Kapalı tribünün önüne Volkan magandası yüzünden kalın cam korkuluk yapıldı. Camlardaki pis yapışkanlı bantları bile temizlememişler. İlk 3 sırada yerinde oturmaya kalksan maçı sanki televizyondan izliyormuşun gibi geliyor. Temizlenmemiş, pis pencereden manzara seyretmek gibi bir şey. Koltuklara koltuk demek için bilirkişi lazım. Pis, oturduğun zaman pantalonu kuru temizlemeye göndermen gerek. Pas, is içine işliyor. Daha 2. maç çoğu kırık. Koltuk dedikleri 5. sınıf plastik materyalin bir birleriyle uyumu yok. Biri başka, biri başka, ne bulursa vidalamışlar.

Kapalı'da cam paravan olduğu için yıllardır, iyi tribüncülerin çıktığı betona çıkma şansı kalmadı. Ne bayrak, ne flama, ne bir yazı flaması asılabiliyor.
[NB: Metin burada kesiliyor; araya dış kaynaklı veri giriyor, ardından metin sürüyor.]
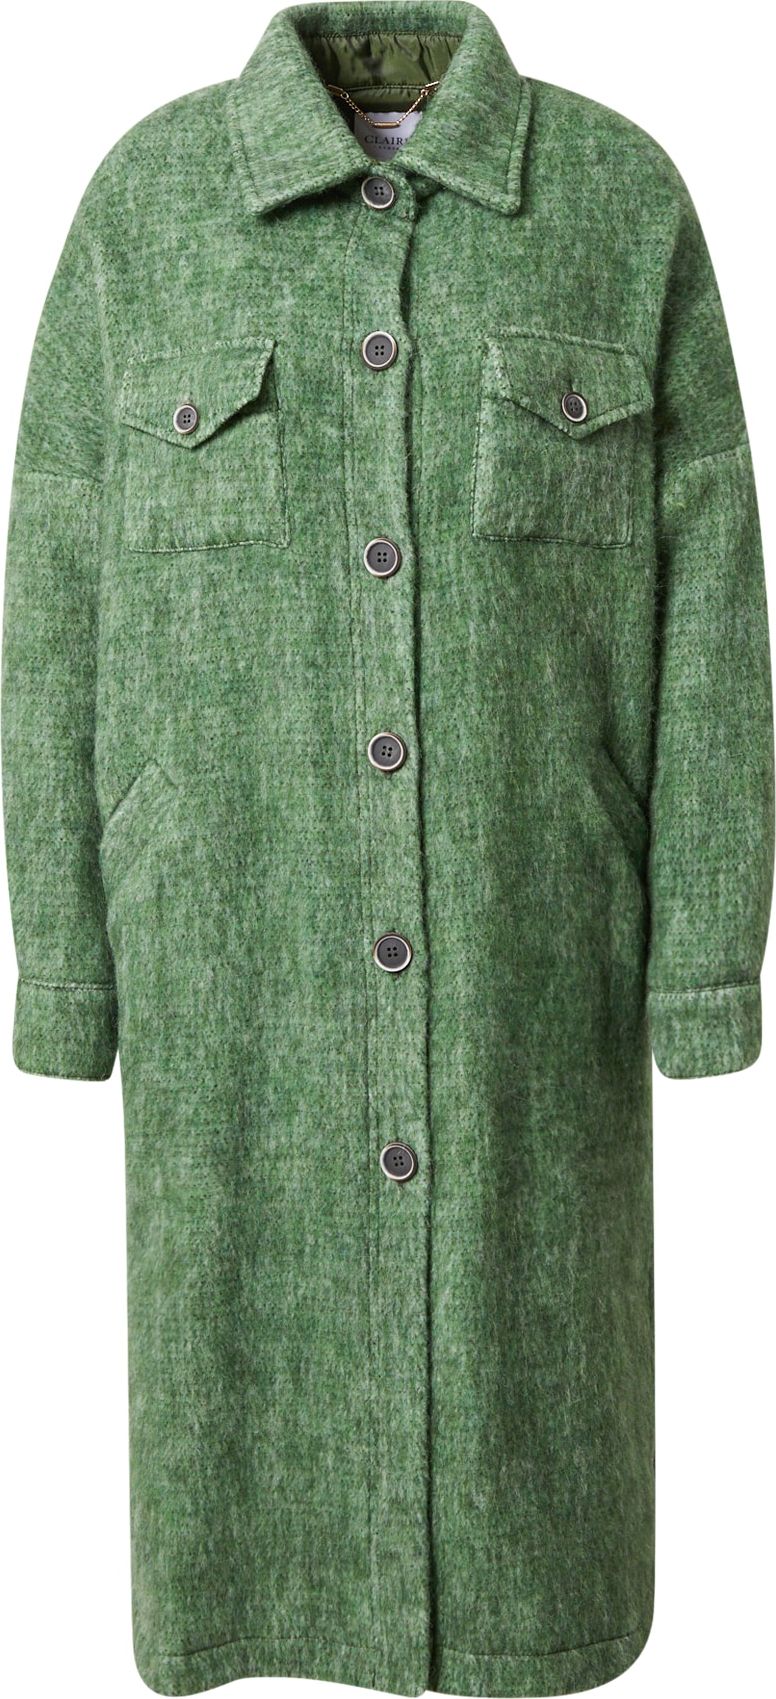 Claire Přechodný kabát 'Khloe' zelená

Kareografi yapmanın imkanı yok. 3 kuruş fazla kazanacağım diye, bağırtıcıları kale arkasına göndermişler. Korkarım orası da orijinalliğini bozacak. Aklı başında, bilgili, okumuş çocukların takıldığı tribünlerde bu sene çok kavga çıkar. Seneye onları yeni açıkta görürüz. Tribün bütünlüğü yok, tezahüratlar çok kötü, uygunsuz, alakasız. Renk cümbüşü olmuş, her renk, her model forma, Çoğu hala formasız. O kadar para verip maça geliyorlar, bir forma alamamışlar. 30 sene öncesi gibi pantalon üstüne gömlek hırbo kıyafetiyle maça geliyor. Alakası yok, ne tezahürat yapıyor, ne gole seviniyor, maç kaç kaç desen haberi yok. Futbolcuların çoğunu tanımaz, böylesi niye maça gelir anlaşılır değil.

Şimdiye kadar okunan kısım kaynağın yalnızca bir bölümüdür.